Minimalist program

archieraptor

New member
Hey guys! Pretty new to kettlebell exercising so i only own one kettlebell. I’m very much a minimalist when it comes to training so I want my workout to consist of two, max three, exercises. One of them is for sure the kettlebell swing (two handed atm due to me only owning one kettlebell) but I’m wondering what other exercise would complement this, besides the turkish get up. I just really find the TGU’s annoying and just something i really don’t enjoy doing. Would a program consisting of swings and squat presses be sufficient? Or swings and clean n jerks? Maybe deadlifts as well.
 
@dawn16 It depends on how much of a priority chest is for you. If it's a priority, some extra pushups, dips, bench or floor press is always good. But then, if chest is a priority in my opinion you shouldn't look for a minimalist kb program.

You could also throw pushups or burpees in between sets of other stuff.

Overhead press gives a bit of upper chest, especially as the weight gets heavy and you have to start leaning.

There are a bunch of muscles that don't get enough work with this kind of approach. For a bodybuilder that may be an issue, but I'm not sure the average person cares about those details, especially if you choose to go the minimalist route.
  • Part of the hamstring doesn't cross the hip and gets very little from hinge exercises - you need a knee flexion exercise for that
  • Similarly, part of the quads need a knee extension with fixed hips
  • The long heads of both biceps and triceps cross the shoulder joint and both lengthen and contract during pulls an pushes. Interestingly, I think you could make a case for cleans being really great for the long head of the biceps, but generally you need isolation to fully develop those.
  • The flexor muscles in the forearms get a lot of work, but the extensors (and brachioradialis) don't get too much
  • Nobody seems to care about calves. Even fewer people care about the ankle flexors.
(I hope I didn't come off as a dick. That certainly wasn't the intention).
 
@hunter101 Yeah fair point, I wouldn’t have a too minimalist routine I do like horn curls and I have decent calves already from walking up and down hills,
 
@archieraptor Swings and pushups can be more than enough to start with. Either 2 handed or hand-to-hand or switch sides every set/every 5 reps.
Set a timer to beep every 1.5min, do 10 swings, rest, do 10 pushups when it beeps again, rest. That's a 3 mins long set, repeat for as much as you need (10 sets = 30 minutes, 100 swings, 100 pushups)

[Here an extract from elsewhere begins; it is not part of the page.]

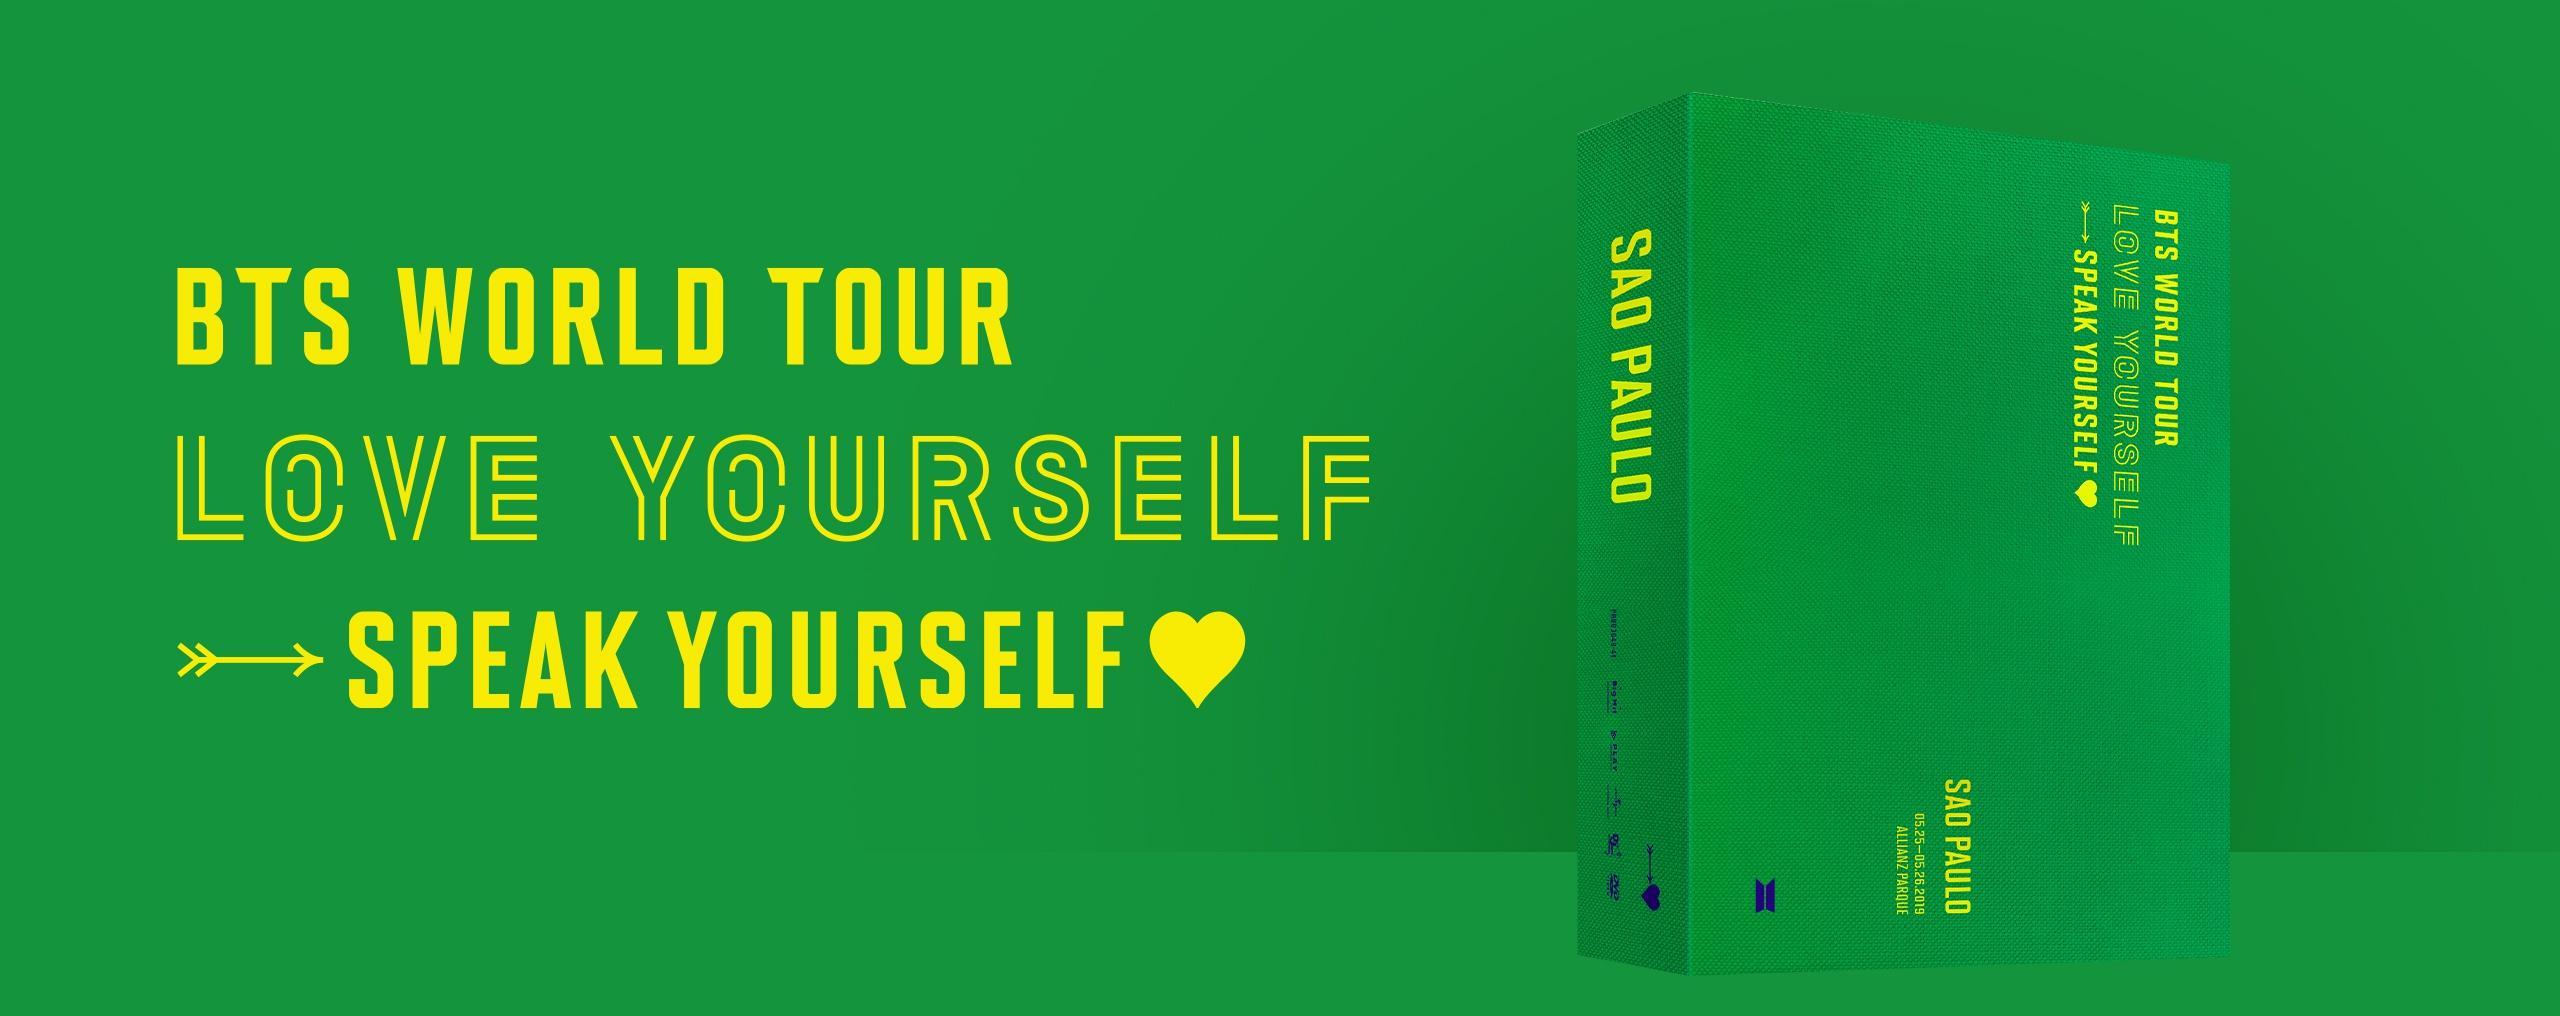 DVD「BTS WORLD TOUR 'LOVE YOURSELF: SPEAK YOURSELF' SAO PAULO」

"Iron Cardio" is a chain of 1 clean, 1 press, 1 squat, rest, repeat on the other side. Has plenty of variations (add a rep on the press one day 1c2p1sq and on the squat another day 1c1p2sq). Set a timer for 20-30-40 mins and do as many sets as possible with adequate rest

"Swing Swing Other Thing" where you do 10 swings on minute one, 10 swings on minute two, something else on minute three, repeat for 30' (200 swings + X reps of whatever you chose to be your other thing)

"SFG Plan A" (they have an article about it on their blog) has you start with 1clean+jerk every 30'" alternating left and right side and work up to 30' before you add a second clean then a second jerk etc till you can do 3c+j every 30'' alternating arms. You can use the push press to hone technique.

"Humane burpee" is one of my favourite: 15 swings, 5 goblet squats, 3 pushups. Repeat. 5 rounds = 75swings, 25 goblets, 15 pushups. Change/scale accordingly.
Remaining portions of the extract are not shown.